As previously noted, the FWC has jurisdiction to conciliate and arbitrate unfair dismissal claims. The conciliation of general protections’ claims is usually commenced in the FWC, which may arbitrate the claim if both parties consent.
Class actions or “representative proceedings” for employment law matters are becoming increasingly common in Australia. Class actions in the Federal Court may be commenced where seven or more people have a claim against the same person. The claims must:(i) be in respect of or arise out of the same, similar or related circumstances; and (ii) give rise to a substantial common issue of law or fact, both being requirements which Australian courts have interpreted broadly to permit representative proceedings. Australian class actions generally operate on an “opt-out” system where all members within the relevant class are bound by the judgment (without needing to obtain their consent to be part of the group) unless they opt out. The court can also order that proceedings should not continue on a representative basis if it is in the interests of justice to do so (for example, where the costs of individual actions would be less than the class action).
In court proceedings, a party is generally entitled to be represented by a legal practitioner. In some employment proceedings, a party is not entitled to be represented, such as claims under the FW Act or a modern award where the amount which may be awarded by the court is less than AUD20,000.
Similarly, a party is not entitled to be represented by a legal practitioner in proceedings before the FWC without the permission of the FWC.

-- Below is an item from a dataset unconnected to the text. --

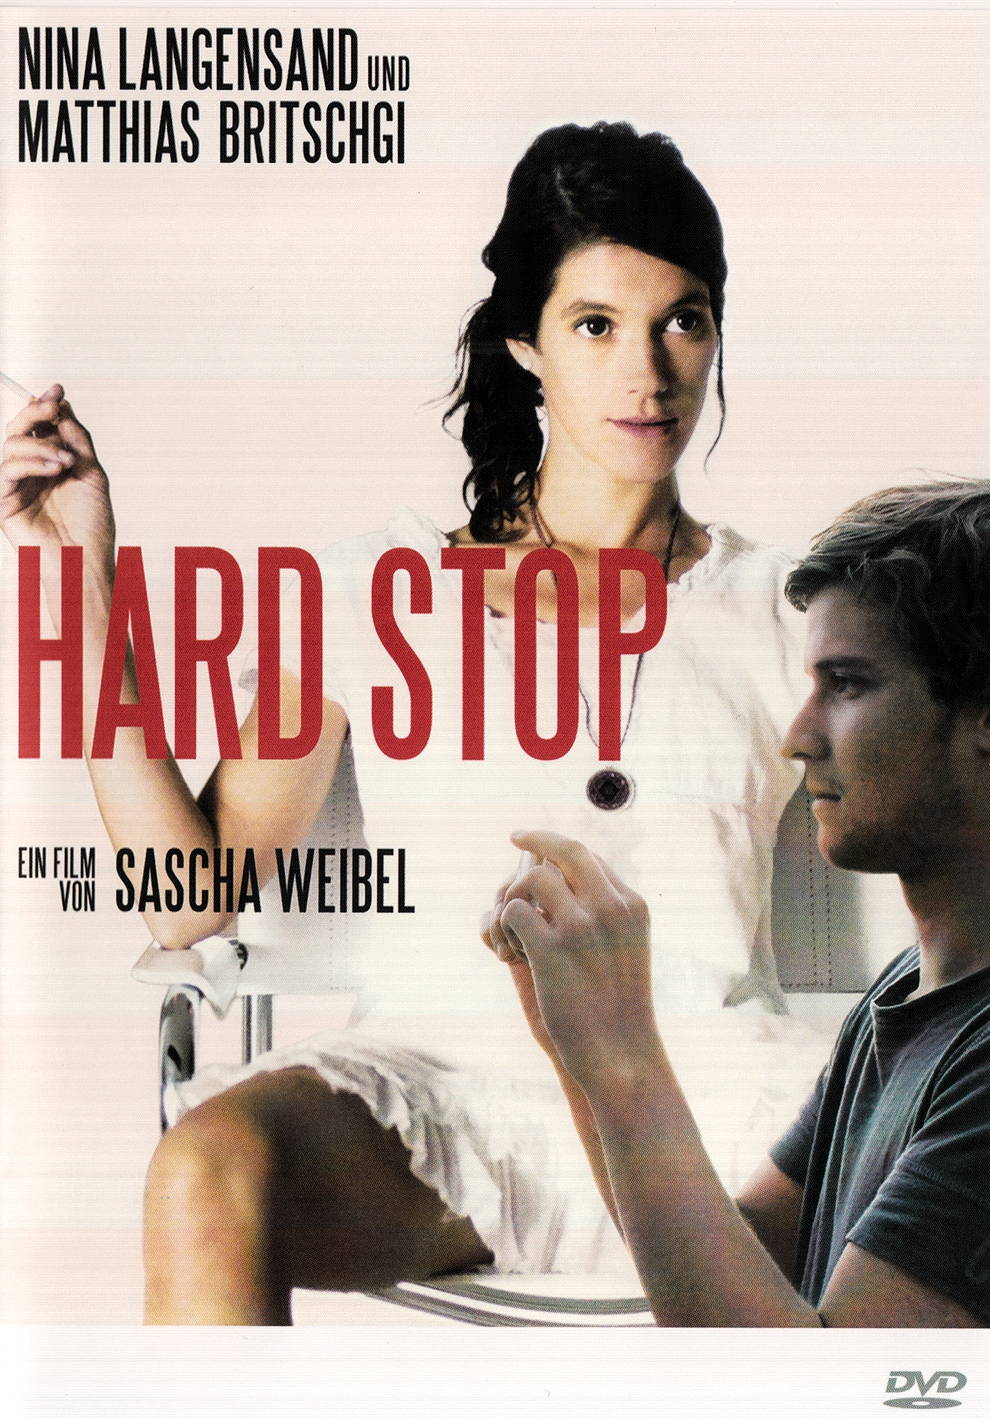 Acheter des Film Hard Stop [DVD] de Sascha Weibel d'occasion | Melando  Suisse

Alternative Dispute Resolution
The parties are generally free to agree to have disputes arising between them determined through arbitration. This includes pre-dispute agreements including employment contracts. Where the parties have agreed to settle a particular dispute through arbitration and an action is nonetheless brought before a court, the court will generally stay those proceedings and instead refer the dispute to arbitration in accordance with that arbitration agreement.
Awarding Attorney’s Fees
The FWC has a general power to order a party to pay the legal costs of another party where (i) the applicant’s claim (or the other party’s response to the claim) was vexatious or without reasonable cause, and (ii) it should have been reasonably apparent to the party that its position in the proceedings had no reasonable prospect of success.
The Federal Circuit Court or Federal Court of Australia has similar powers to make an order of costs in favour of the successful party for claims arising out of the FW Act.
The FWC has additional powers to award costs in respect of particular proceedings. For example, the FWC may award costs in respect of an unfair dismissal claim against a party if their unreasonable act of omission in relation to their conduct in the proceedings caused the other party to incur costs.
There are similar limitations on the court’s power to award costs in matters arising under the FW Act (such as a general protections’ claim).
In claims for breach of contract, successful parties may receive a costs award in their favour on an indemnity or party/party basis for claims made in the state, territory or federal courts (see Wrongful Dismissal Claims).